However, the scripts expect a full input path for all files, in order to work. Hence, if we have graph_file.txt.gz under /user/<user_name>, we will need to provide it from the command line as:
hdfs:///user/<user_name>/graph_file.txt.gz
ΝΟΤΕ: spark is faster when it loads data from a directory containing partitioned files. Hence, it is advised to have the graph split in many smaller parts (e.g., equan to the suggested number of partitions in the cluster - 7680 on openaire's IIS) and have it in a golder e.g., /user/<user_name>/path/to/graph_input_folder/
The graph input files expected by all ranking scripts are all expected to be in KanellosTM format. Each line of this format consists of the following tab-separated columns:
<paper_id> < <comma_separated_list_of_referenced_papers | <num_referenced_papers> | initial_paper_score > <previous_score> <publication_year>
NOTE: Since we provide a comma separated list of referenced papers, no paper id should include the character ",". So far we have dealt with this by replacing "," with the string "comma_char", then running the ranking, and after finishing, replacing "comma_char", again with ",". The same holds for the tab character, which is used to separate the input columns.
NOTE2: When a paper has no references, then the comma separated list of reference papers is the string "0" and the same holds for the number of referenced_papers.
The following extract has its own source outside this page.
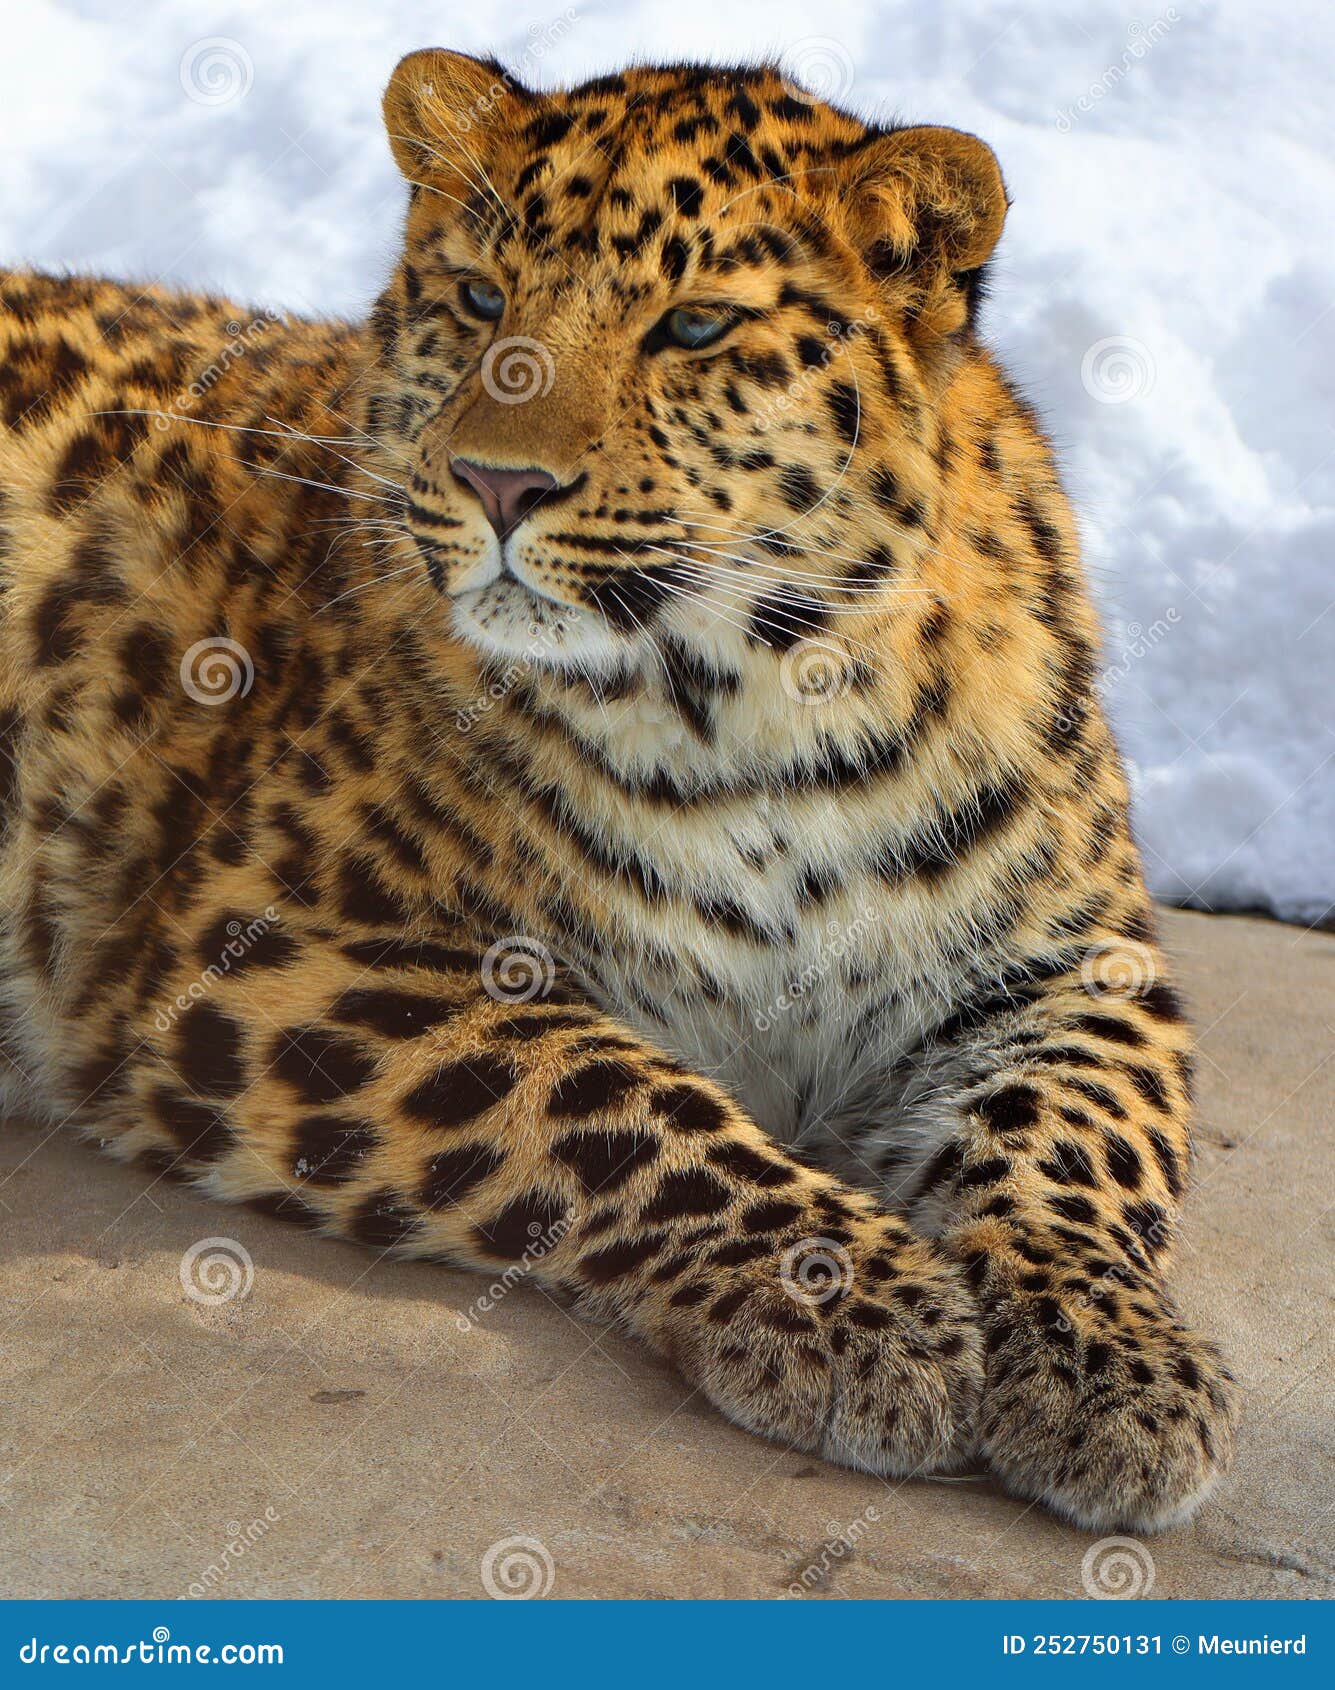 amur leopard is a leopard subspecies

Due to some of the methods being iterative, some spark-computation specific parameters are required. Specifically, since particular dataframes are computed iteratively, we need to checkpoint them at each iteration. Checkpointing materializes a dataframe and truncates its computation history (which in iterative algorithms can lead to out of memory errors). The materialization can be done on the hdfs, or be performed in the local memory of the various nodes involved in the computations. Our implementation provides the option to choose one of these two modes throught he parameter checkpoint_mode. For very large graphs (e.g., Bip, openaire), materialization should be done on the hdfs, since data volatility will lead to the scripts failing. On smaller graphs (e.g., dblp) this can be done using local checkpointing. Naturally, checkpointing on hdfs is IO-heavy, and hence leads to slower execution, however our trials so far show that for large graphs (e.g., Bip), using local checkpointing leads to errors and failure.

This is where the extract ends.